TASK TO COMPLETE: Please copy exactly the lines from the one containing "Newsletter N°109 - Mars/Meurzh 2019" to the end of the entries, both included, and nothing else. Omit every picture.

DATA IN THIS EXERCISE:
··········
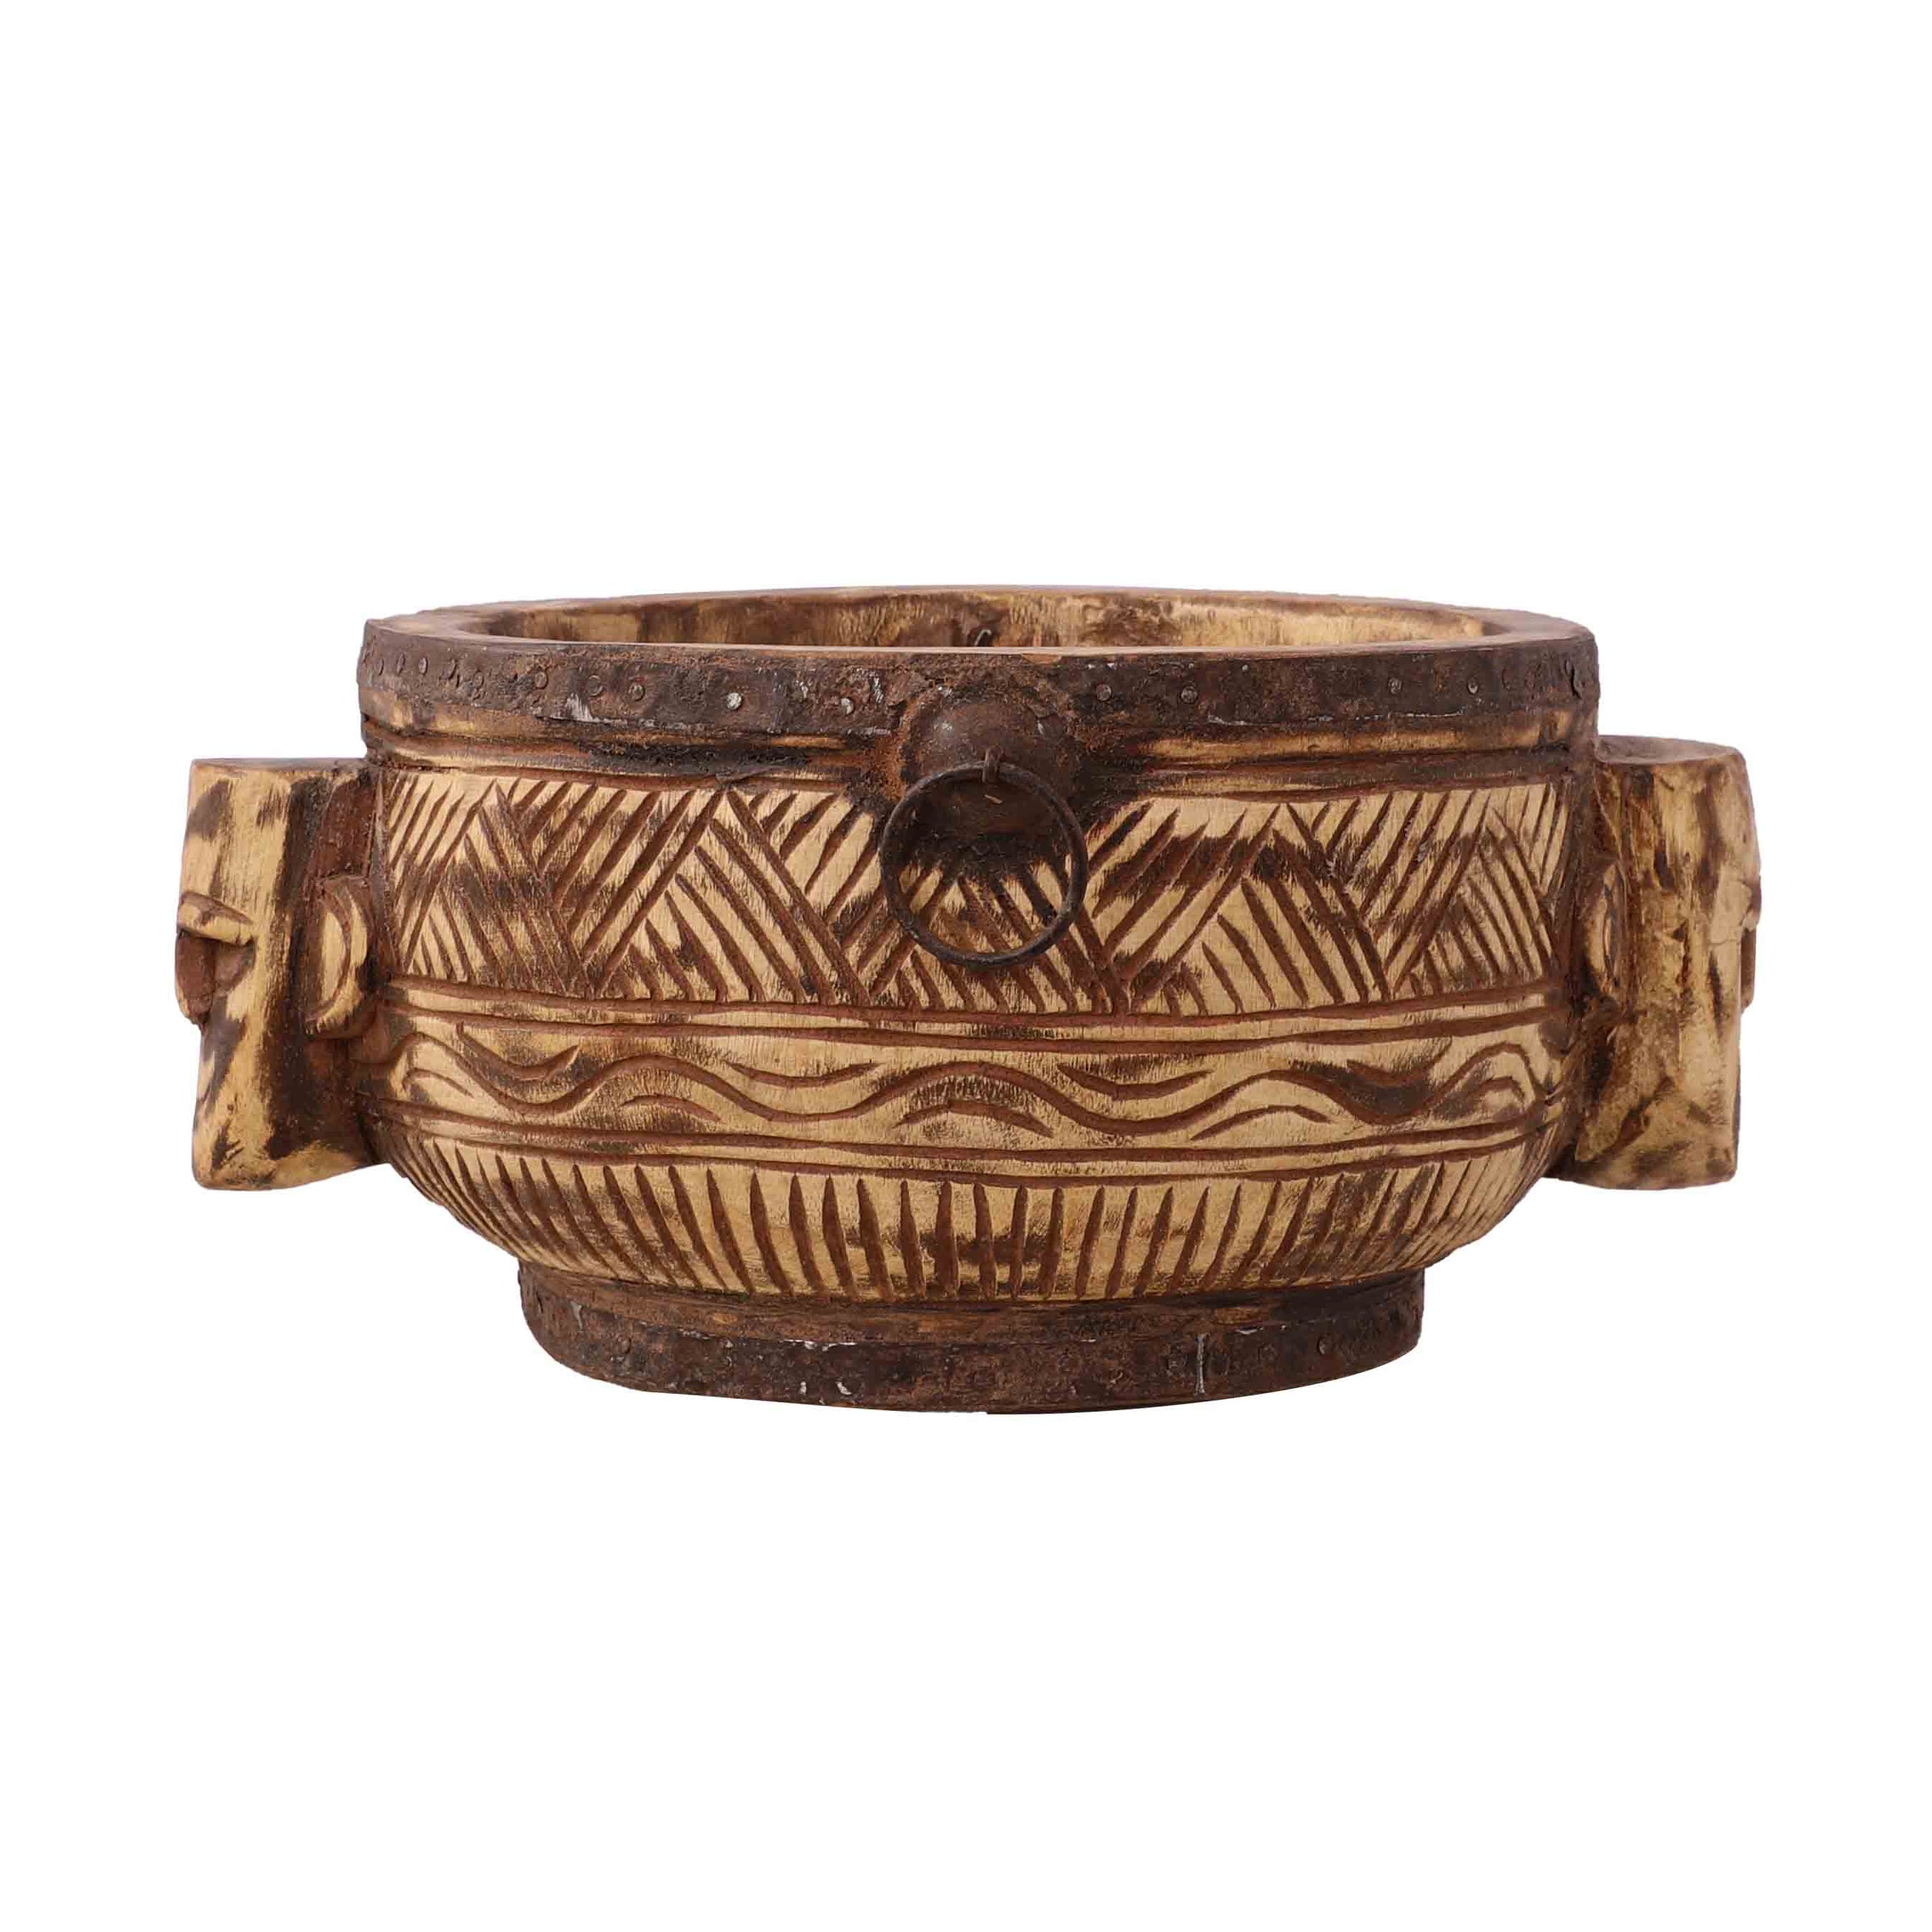 Antique Carved Bowl (Natural)
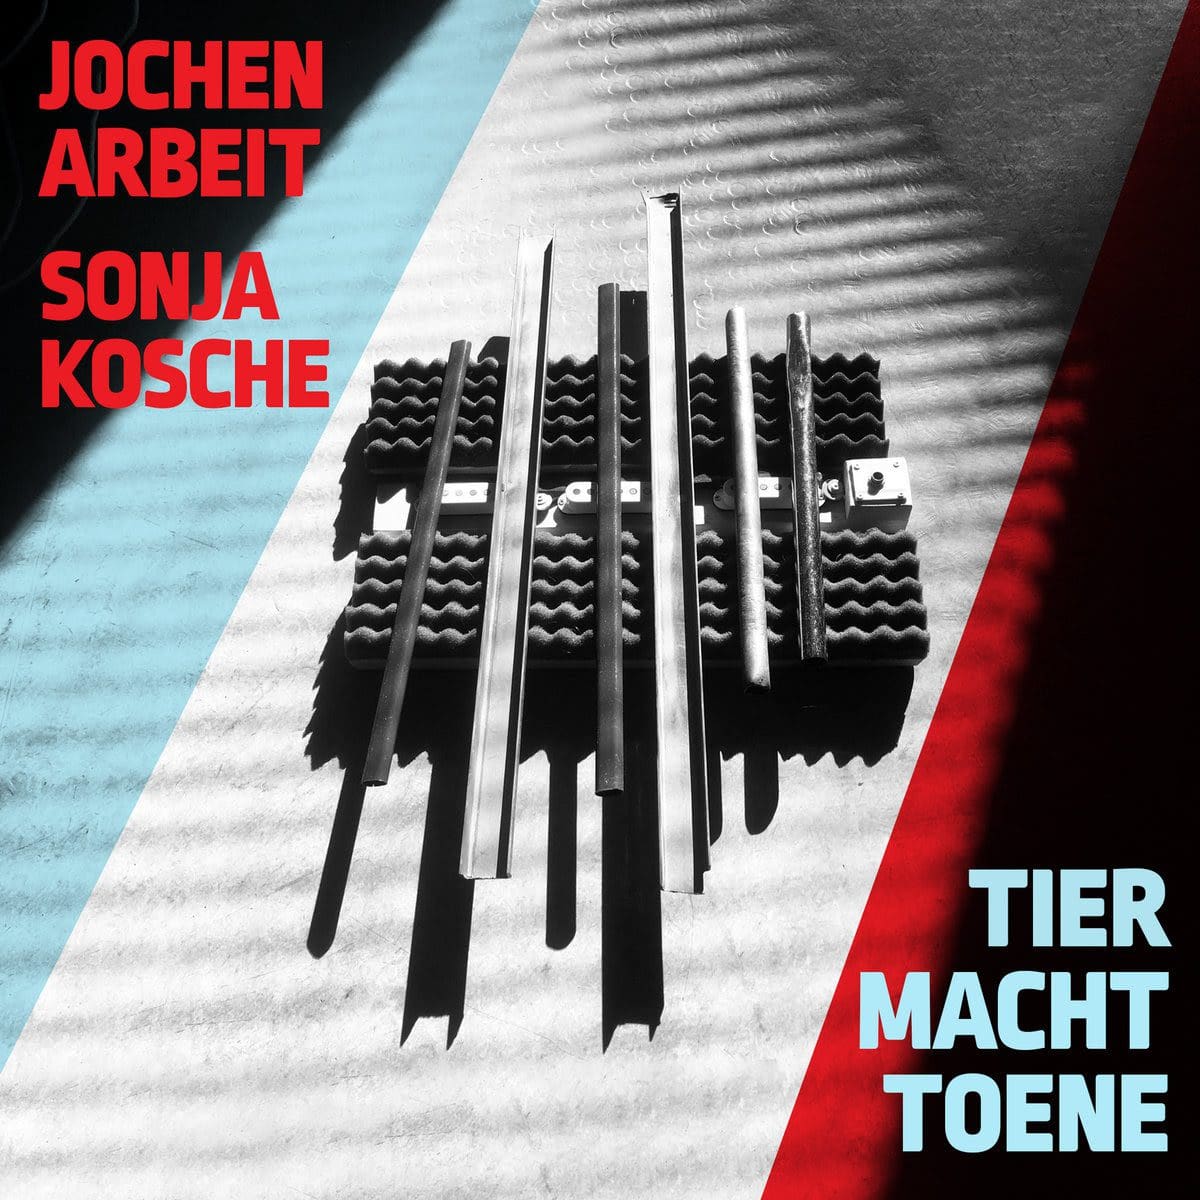 Einstürzende Neubauten guitarist Jochen Arbeit announces solo album 'Tier Macht Töne' ('Animal Makes Sounds') and shares first track
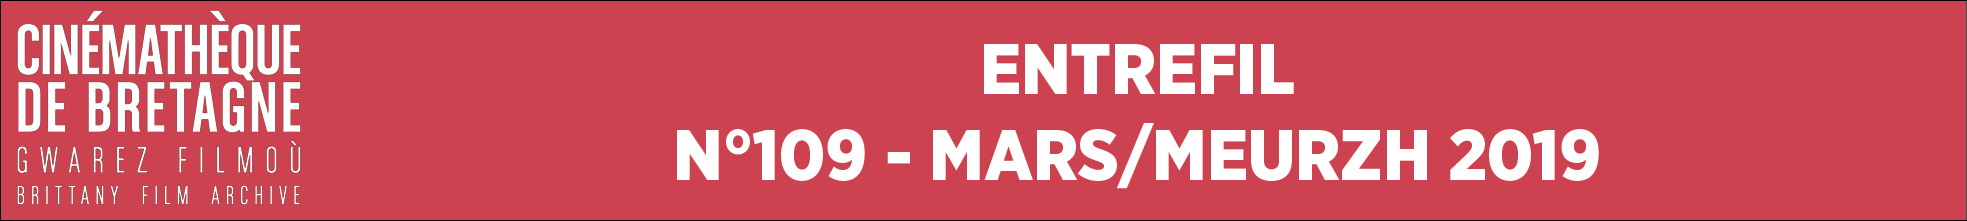 Newsletter N°109 - Mars/Meurzh 2019
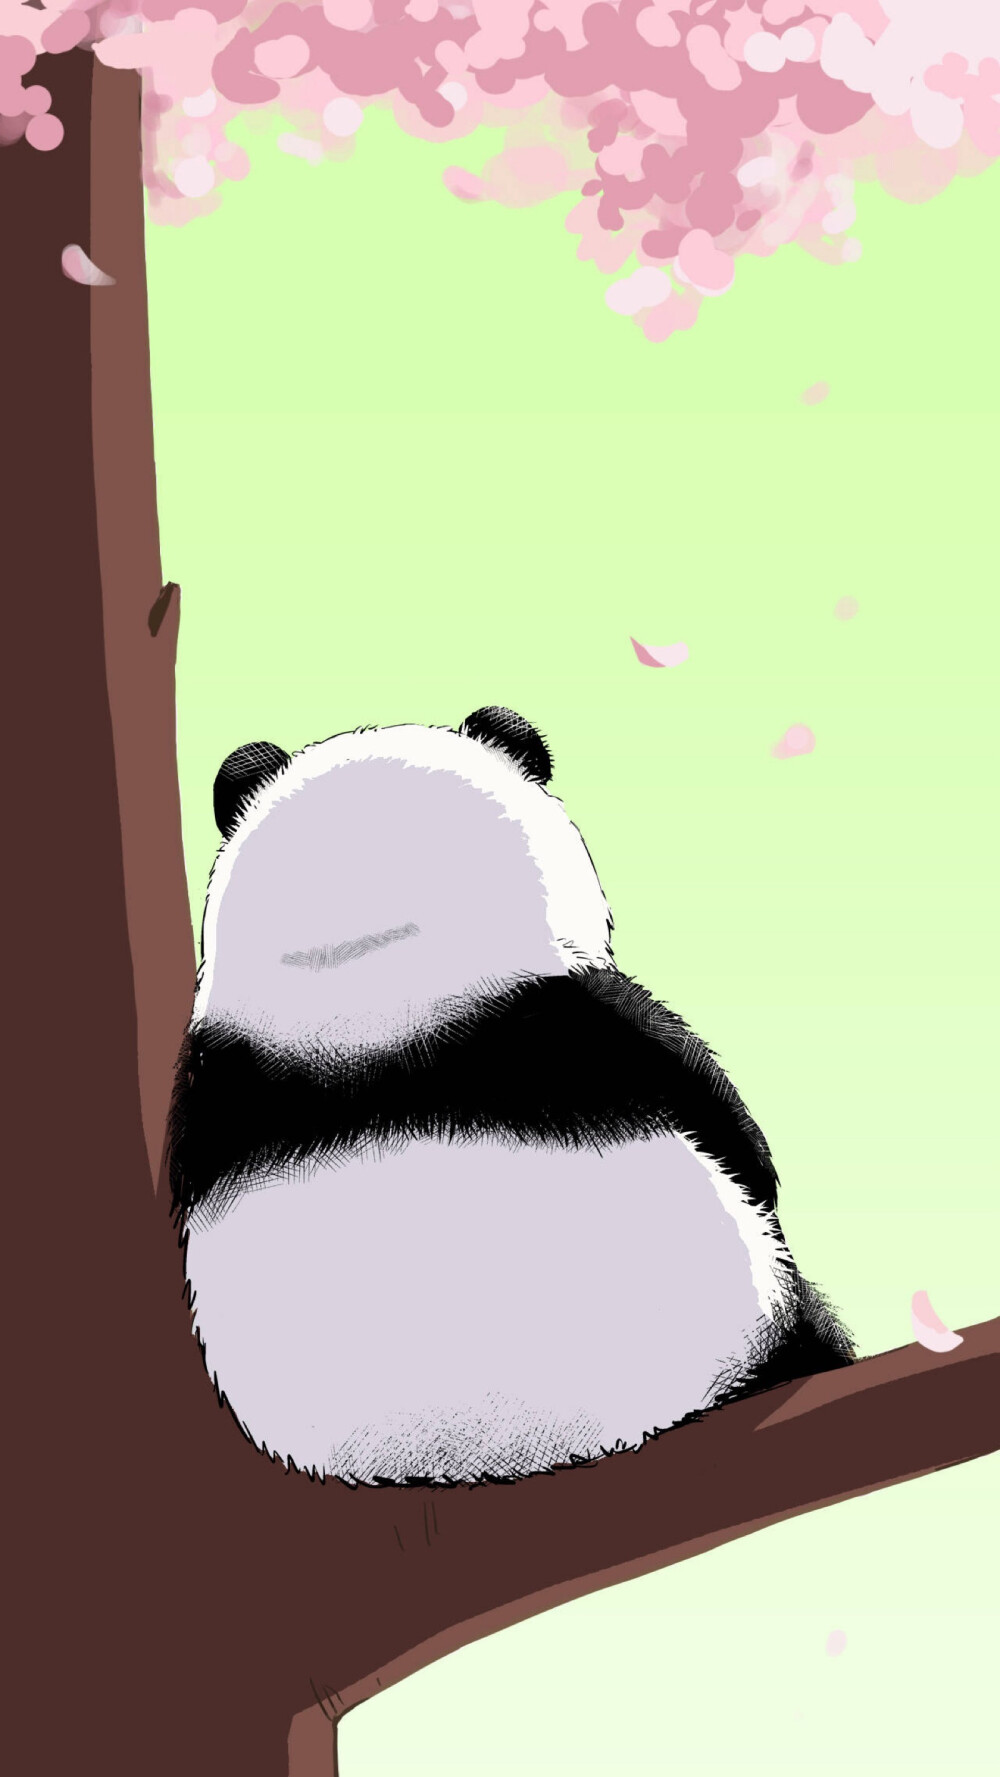 熊猫沙雕图片 壁纸图片
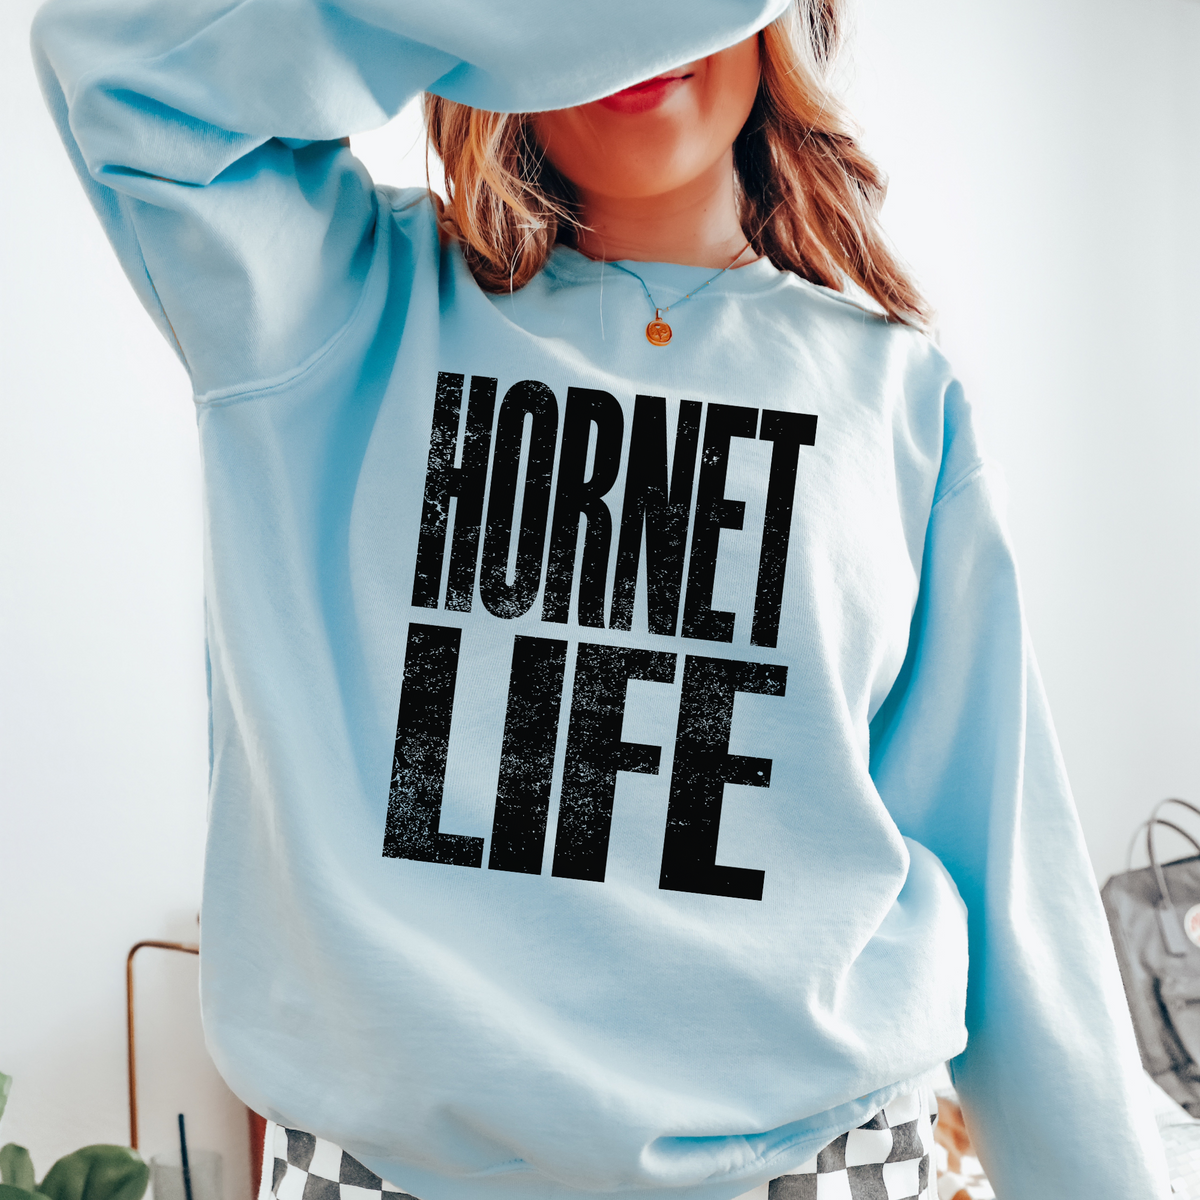 Hornet Life Faded Distressed Black Digital Design, PNG
··········
OUTPUT BELOW:
 Newsletter N°109 - Mars/Meurzh 2019
 熊猫沙雕图片 壁纸图片
 Hornet Life Faded Distressed Black Digital Design, PNG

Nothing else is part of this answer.